Transitioning

It’s seeping in. The changes in my nuclear family are slowly ebbing into my awareness. My oldest daughter is moving out in less than a fortnight; BH, she’s getting married!
On the one hand, whereas as children are a large, integral, part of one’s existence if one is so blessed (my husband and I gave this daughter, our first child, the middle name “Nasia,” from the Hebrew word for “miracle,” because there had been reasons why we had not been certain we would be accordingly blessed), they are not the totality of one’s life. People continue on, with or without children. Consider that we are also possessed of relationships: to G-d, to ourselves, to our partners, to our friends, and to our local and global communities.
Similarly, watermarks, that is, important events, do not constitute the entirety of our lives. Day to day happenings, comprised of the choices we make every few minutes or every few hours, such as whether to wake up on time or not, whether to pray slowly or quickly, and whether to eat a healthful breakfast, an unhealthy breakfast, or no breakfast at all, are at last as important to us as are our lives’ singular moments. Likewise, we are impacted by the ways by which we actualize our choices. For instance, do we live mindfully or mindlessly, do we try to improve our middot or not, and do we take into consideration the bearing of our actions on other folk or to we ignore the influence we have on them?
Regardless of how that complex design, which we call “existence,” is formed by the relative patterning of our special with our ordinary times, it remains, wonderfully, the case that my oldest child is getting married! This is the initial “parenting of marrieds” event for my husband and for me. Thus, we are living through the array of emotions that accompany such goings-on, plus we are living through the array of emotions that surround such goings-on when those goings-on take place for the first time. Whereas I grasp that feelings tend to take on superlative attributes when they are initially owned, when they are first experienced, I nonetheless remain overwhelmed by all of the input currently pouring into my psyche. A sensation of being beset is not necessarily a bad consciousness, yet it is fullness.
In comparison, recall your Bat or Bar Mitzvah. Think on your first shidduch date. Reflect on your own wedding or on the birth of your first child. Likely, you will agree with me that we individuals are more proficient and less anxious by the second, third, or twentieth time that we undergo any dynamic span.
Sadly, we are also, at least a tad, less awed during subsequent occurrences. I don’t believe it is so much that we are jaded when we reencounter life’s punctuations as much so as it is that in reencountering them, we receive smaller tests of our emunah and so feel less of a cosmic tug. Usually, during a second, third, or twentieth exposure to a happening, we have at least a vague notion of what to expect. Not so, the first time.

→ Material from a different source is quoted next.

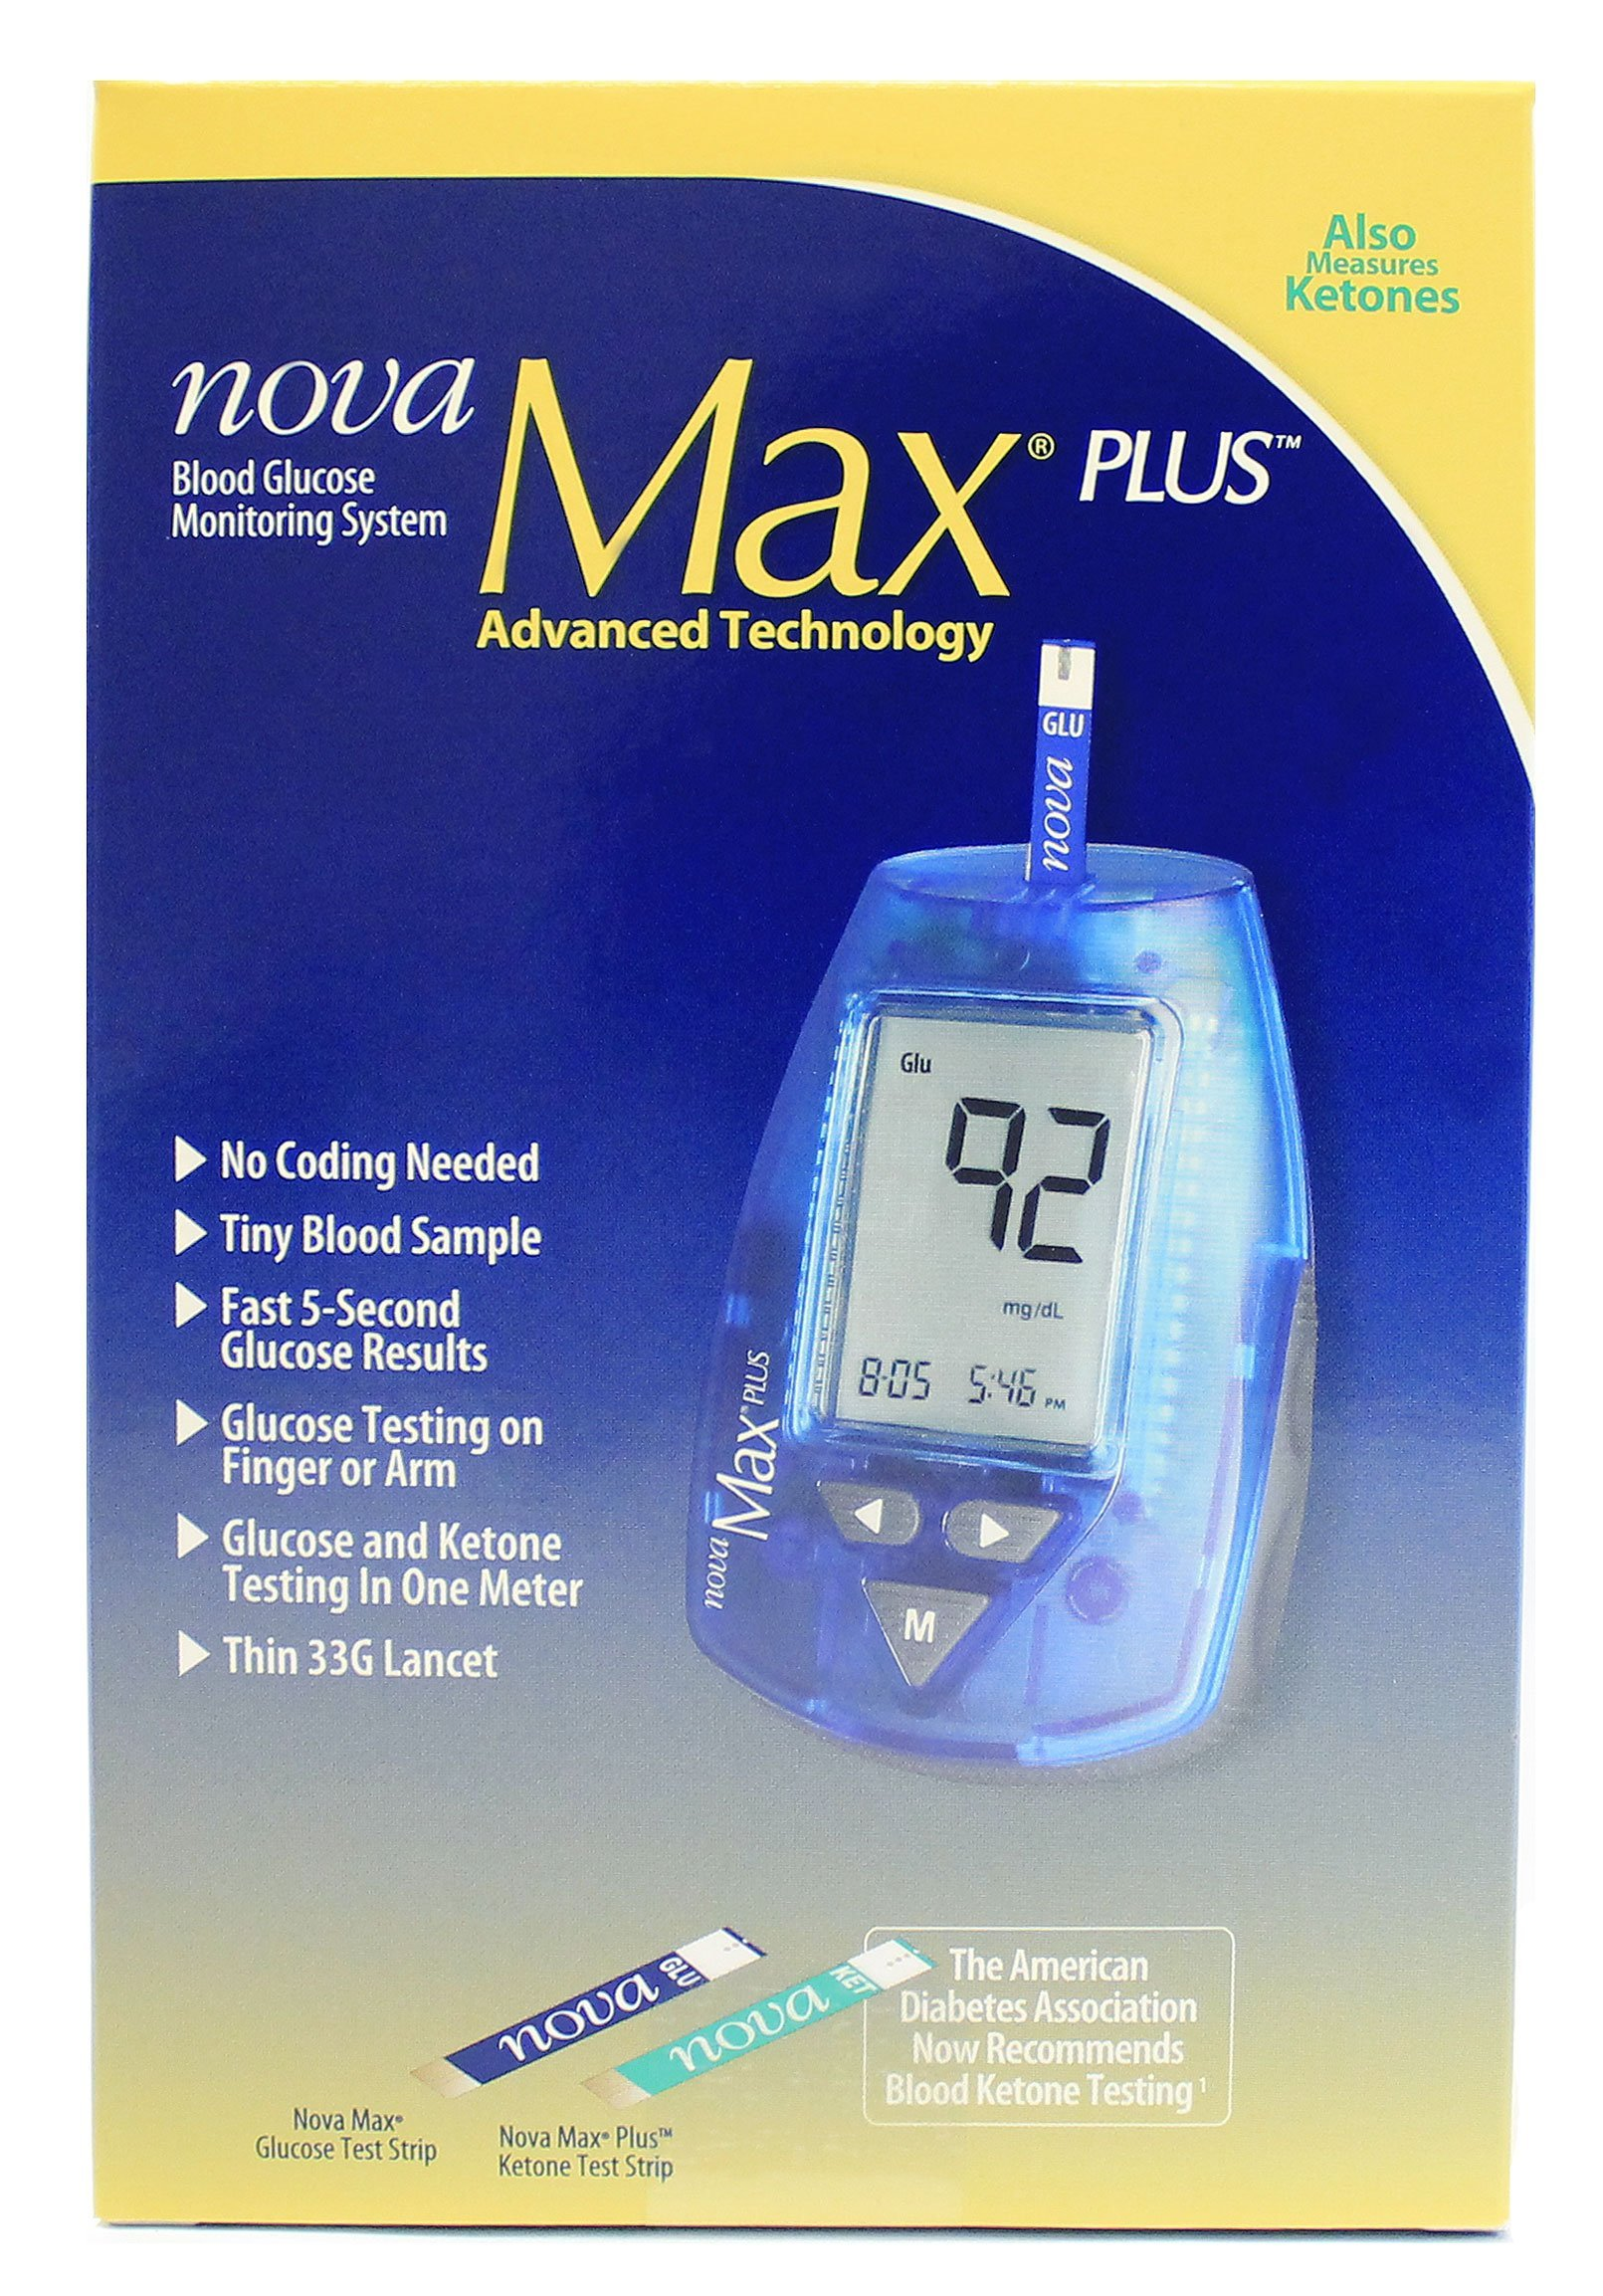 Nova Max Plus Glucose Monitoring System

In the case of our daughter’s forthcoming nuptials, no matter how many books my husband and I read, no matter how many advisors we seek, no matter how much unsolicited counsel we receive, fear will necessarily find more of our spiritual pores than it will when we, IYH, go through later repetitions of the same happiness with our other children. Correspondingly, any faith we materialize during this time, our virgin experience of a child getting married, s is that much purer than it can be during subsequent times.
For perspective, reflect on your first day of school, recall your first time in a swimming pool, remember your first opportunity to participate in public speaking, and think back on the first time you signed for a loan for a house or for a car. All of those occurrences had great potential to end well. All of those occurrences, simultaneously, were difficult. At such junctures, we have to trust.
Because we are not automatons ad because Hashem and His kindness are not literally palpable, we hope important events end well, especially the first time we proceed through them, but we can not know beforehand, that they will. We have no means by which to guarantee outcomes. Quite the opposite is true; the bigger our investments of our resources, of our time, of our money, or of our strength, often, the more we ache for our experiences to go smoothly.
Since we can’t, by ourselves, secure results, we tend to each to The Almighty. We get what we are supposed to have, which is not always what we want. Sometimes results are better than hoped for, sometimes not.
So, points of anguish become points of joy. What seems real proves to be illusionary. We feel, in unequal and unpredictable measure: despair, ecstasy, hopeless, and elation. We’re supposed to: rod and staff, sweetness and light, Hashem raises us.
I’ve never married off a child before. I don’t know how to do so. My plan, hence is to gather up all of the benevolence given to me, sing gratitude for it, and imperfectly enjoy my child’s simcha.